# Hooking sand fleas and clams



## chump (Jul 18, 2005)

Hi,

I think I am going to rig a rod or two up with either sand fleas or clams for black drum this weekend. Can someone tell me how to hook them? How many sand fleas per hook ususally? How about clams?

Thanks,
Chump


----------



## Anthony (Jul 3, 2002)

You can use either a high low rig or a fish finder rig. You can put as many sand fleas on the hook that you can fit on there. As far as clams go I usually try and thread as much as the tough part in the hook as I can and have the point of the hook hidden in the belly. I caught a black drum yesterday but it was on peelers. I was using sand fleas and clams but did not hook up with any drum with them.


----------



## Seapuppy (Jul 17, 2005)

*How I Catch 'EM*

Here's part of a post I wrote a while back about catchin' black drum along the beach.This is how I use sandfleas for Black Drum.My version of an unusual fishfinder rig & tactics....& TACTICS are just as important as finding the fish.Learned black drum tactics one night on CALO when another angler cleaned my clock! Needless to say I took notes... 
fishin' shrimp out on the bar is a whole 'nother rig & tactics.
Pup

As I fish whitewater all the time, this piece is dealing with fishin' light tackle in light whitewater & the suds just off the beach or on the flat of the outer bar.

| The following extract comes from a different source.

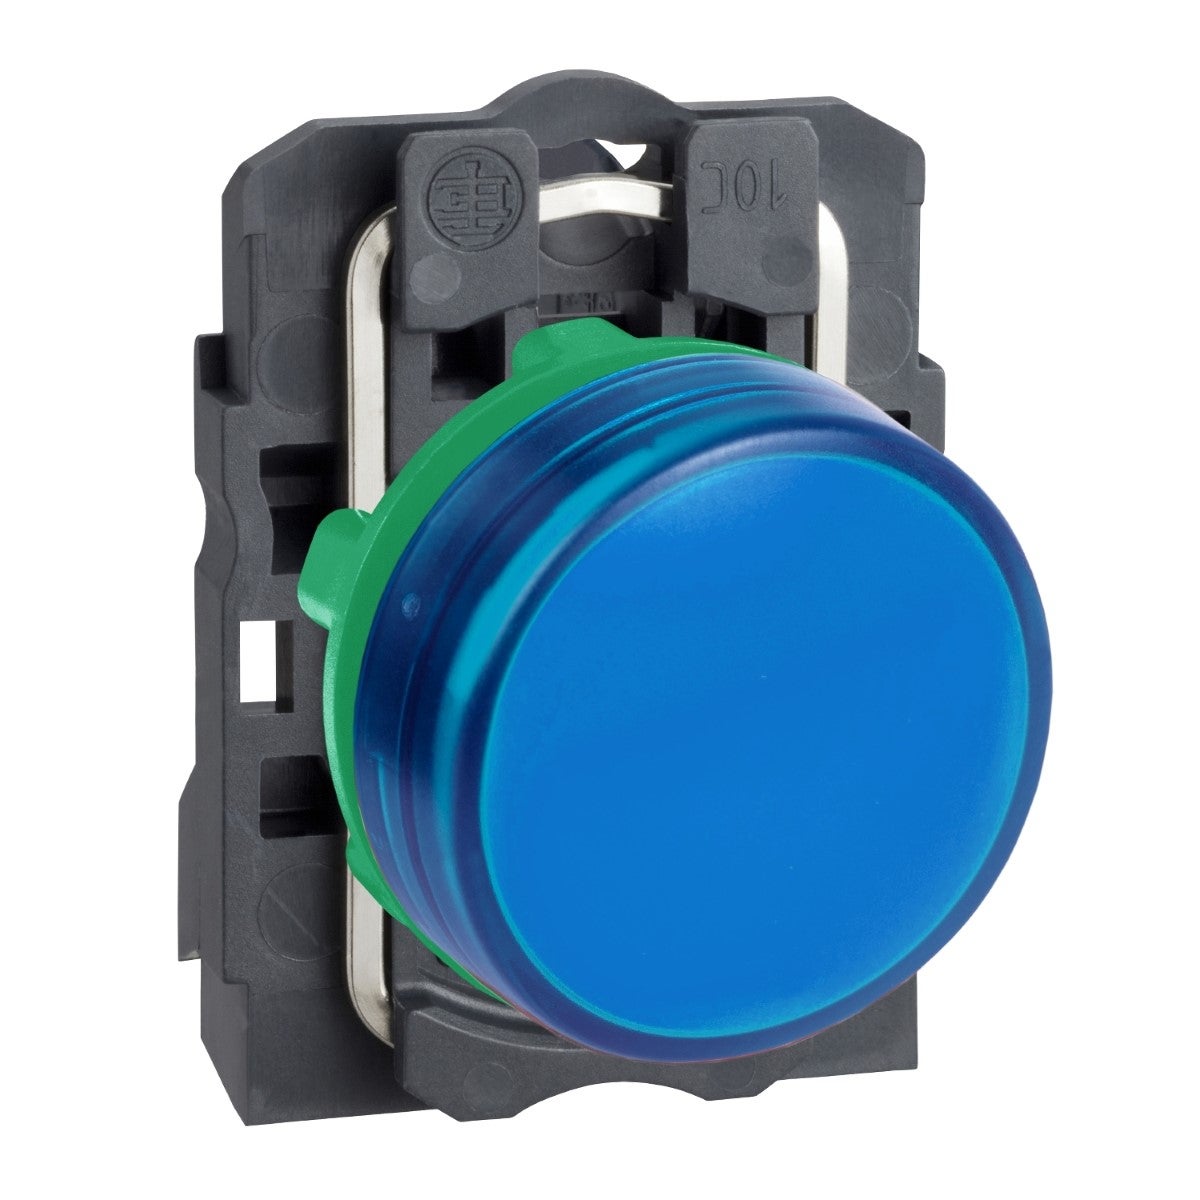 Pilot light, plastic, blue, Ã˜22, plain lens with integral LED, 110â€¦120 V AC

"....On the beach you have to really fish for them.They have a bite simalar to sheepshead,very light & by the time you feel it,it's already too late.Another bait that catches them are the sandflea.The sandflea ussally will stay on the hook much longer than shrimp along the beach for the simple reason that most small fish won't mess with them & stay on the hook long enough for a good size black drum to find it.Hook the flea from the outside thru the shell,setting the point & barb in the flea itself.When fishin' fleas along the beach the best rig is simalar to a fishfinder rig.Snell a 1/0 hook on 25# test,tye the other end to a black swivel about 8" from the hook.On the other side of the swivel tye a leader about 15".On that leader put a light round bullet sinker(shaped like a football) with a hole thru the middle(use red beads on each side to keep the sinker from cutting the knots).After casting it out,fish the rod lightly alowing the bait to slide away from the sinker.The round sinker will alow the bait to flow in out with the waves in a natural way.( Remember-AMBUSH them)Every once in a while lightly pull tension on the line & feel for a fish.A black drum will eat the inside of the flea,not the shell much like a sheepshead & that is where your point & barb are!.This rig & technique works very well when fishin' for black drum with a flea...."


----------



## Fishbreath (Nov 11, 2004)

Good stuff Pup! When you are using the sand fleas, are you looking for and using the softshell sand fleas or will the normal hardshell sandfleas work? And do you only use one per hook?

FB


----------



## Seapuppy (Jul 17, 2005)

*re. sandfleas & black drum*

Only use a single hook rig with one flea.We were fishin' at the rock jetty(calo), with a round sinker & the hook in the middle of the flea it was a very good "weedless" rig as it would pull thru the rocks without snagging.There was thousands of little fish that would wipe out shrimp baits as soon as they hit the water but you could throw a sandflea right in the middle of them & they wouldnt touch it,the flea sitting there long enough for a nice Black drum to find it.The man that tought me this is probably the best fisherman I have ever met so that says something.Works well in light whitewater.Of course tactics has a lot to do with it as examined above.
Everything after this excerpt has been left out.